Why were all the interpreters young, you may wonder. Because the youth have learned more Spanish than their elderly grandparents, conceivably because of slowly improving access to education. Why were all the interpreters male. Because Spanish is learned in school, and boys are still kept in school longer than girls.
I was very grateful for those young men, eager and happy to help their fellow townspeople and us. But this language situation can have complicated effects. In the middle of the day I saw a young female patient. I thought her clinic visit was almost over. Then my interpreter had to step out for a second. Immediately the patient began to tell me about vaginal discharge, of which she had been too shy to mention in front of the male interpreter. I had to scramble to find a woman in the village who could translate for me.

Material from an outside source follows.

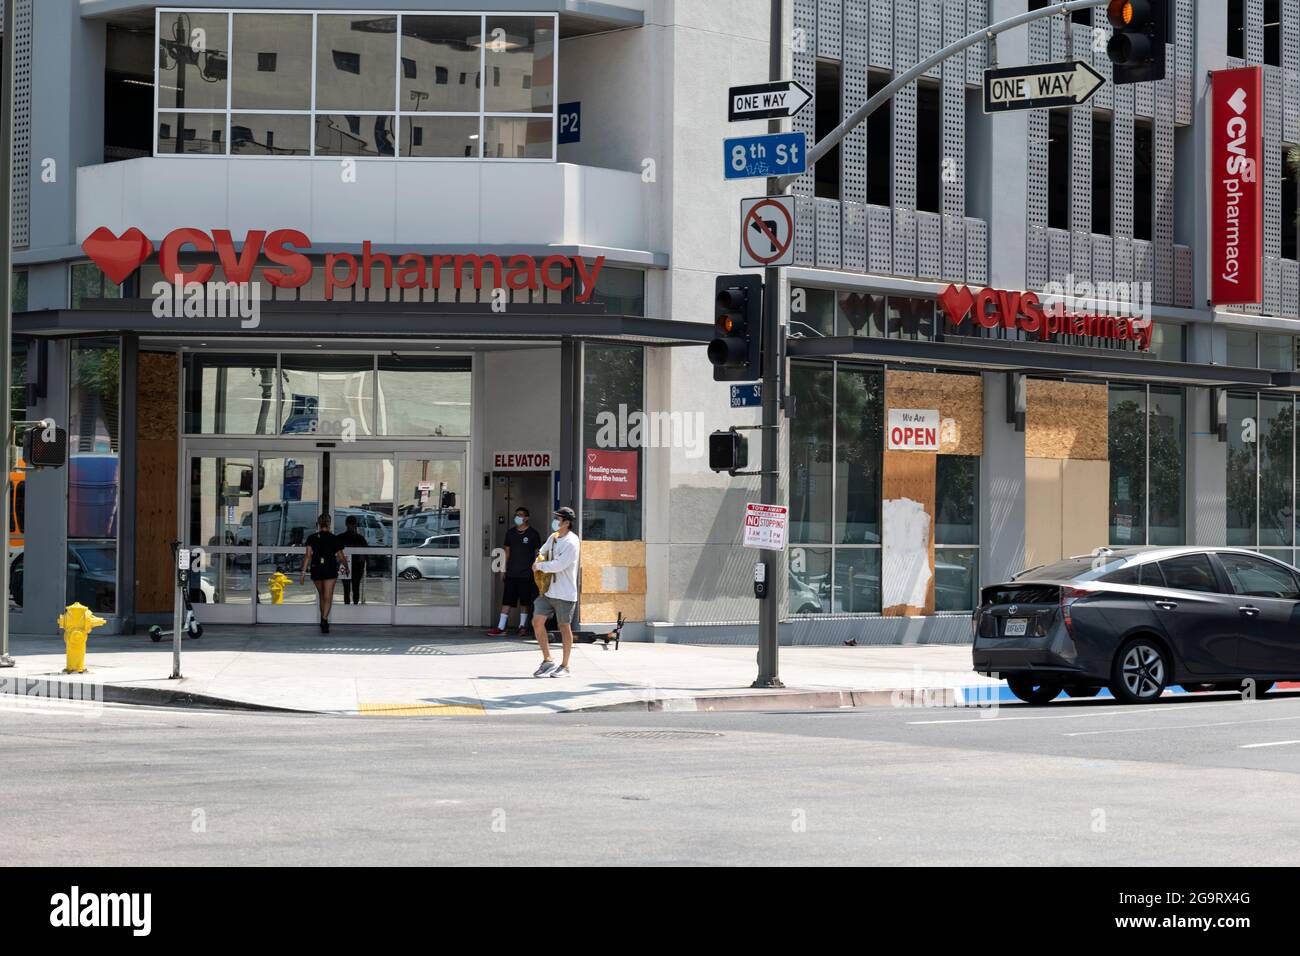 Los Angeles, CA USA - 20 août 2020: Windows sur la pharmacie CVS est monté avec un garde de sécurité après les émeutes de la vie noire et le pillage dans le bas Banque D'Images

The town of Pujujil seemed very much a community. They came together to help us bring health services to one another. At the end of the day the volunteers and the patients were still on the grounds, gaily chattering away and helping us pack our supplies. But so much togetherness can also be a bad thing.

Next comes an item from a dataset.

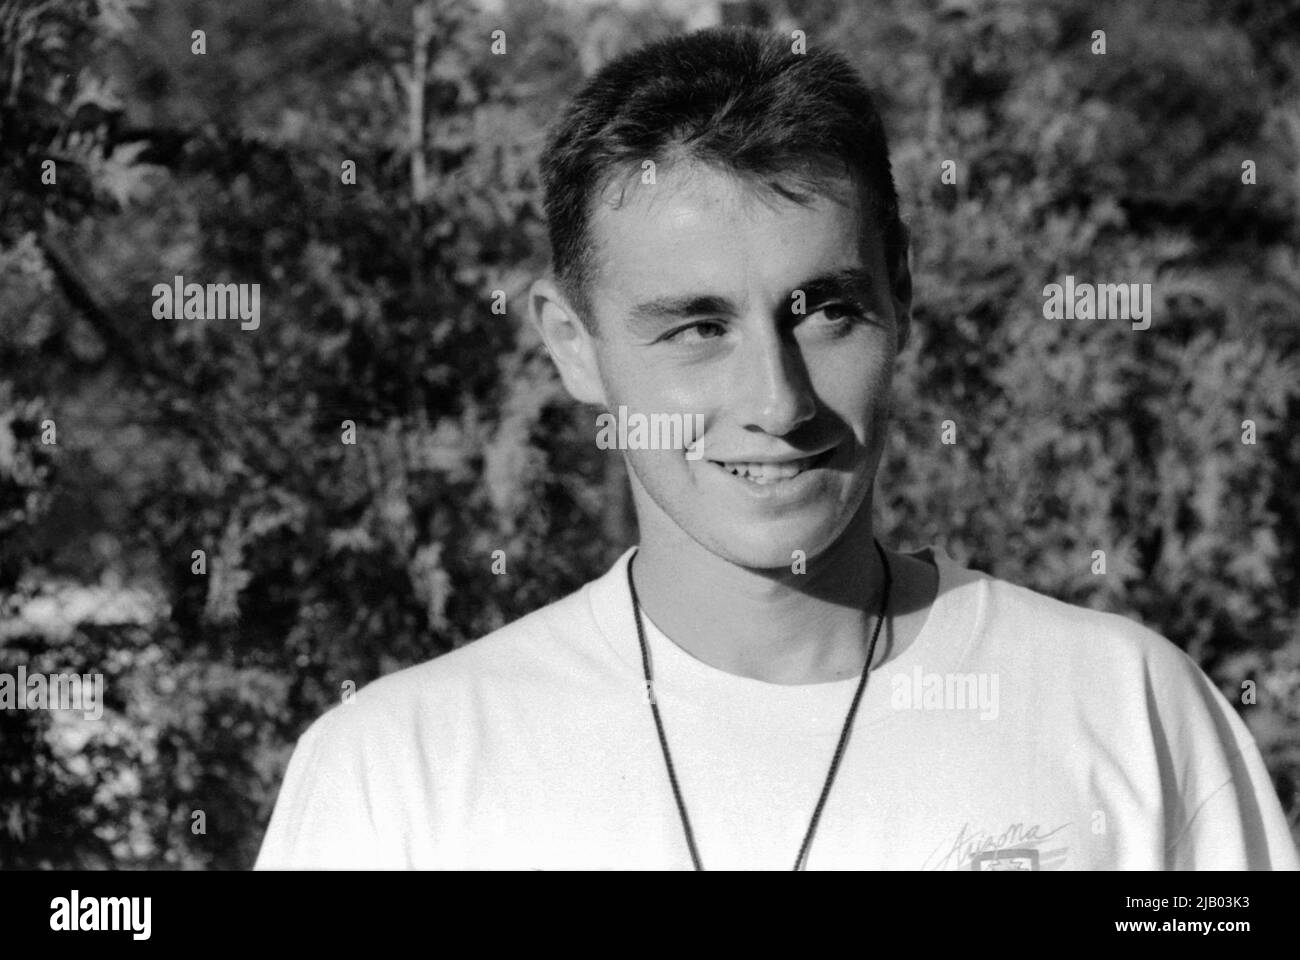 Joueur de tennis roumain Dinu Pescariu, env. 1991 Banque D'Images

Every few months Pop Wuj hosts a medical brigade from Timmy Global Health. For brigade day we had given Pujujil community workers 100 tickets to distribute to patients. The extranjero medical volunteers would see at least those 100, more if they had extra time.
They did. Neighbouring communities caught wind; some came and tried to line up for healthcare. But the people of Pujujil physically blocked them from passing through the centre of town.
“No. This is just for us.”
For the last few hours of the day, volunteers ended up just sitting around.
Yet Xeabaj and Pujujil can be very similar. Especially when it comes to the illnesses that one sees. The disease profiles are very different from those of more urban populations. The city has seen an increase in rates of hypertension and diabetes, with a more sedentary lifestyle and the rising popularity of unhealthy food. Whereas, in an entire morning of clinic at Xeabaj or Pujujil, I can go without seeing a single case of diabetes or high blood pressure. Instead I see more infections like conjunctivitis or pneumonia. More diseases that relate to hygiene like parasites and scabies*.
What scares me the most is the frequency of medically advanced diseases in rural areas: infections like tuberculosis that has been ignored for a year, chronic conditions like hypertension where the patient’s blood pressure is dangerously high, even massive growths.
At the start of one mobile clinic I spotted Doña Noemi from across the auditorium. She was sitting in the waiting area, several meters away, huddled in her seat beneath her layers. My mother taught me not to stare but it was hard to stop gazing at the enormous growth on her right eye.
She didn’t end up being my patient. But she did allow all of us to examine her mass. It originated from below the upper eyelid, vascularized and tender. When Noemi looked from side to side the mass would move with her glances. We learned that it had been growing for two years, bleeds, and is painful. Another sad thing is she went to a permanent clinic a few months beforehand. However she was so turned off by the way she was treated – which could have been either a linguistic misunderstanding or physician rudeness – that she left. We referred her to an ophthalmologist in the capital.
The communities are distant, so removed in multiple ways – isolated locations, language barriers, economic constraints – that patients do not seek care and instead wait for it to come to them.
*The scabies mite can infect anyone, regardless of personal hygiene. However it is more often seen in crowded living conditions with poor sanitation. Hygiene also plays an important role in prevention and control.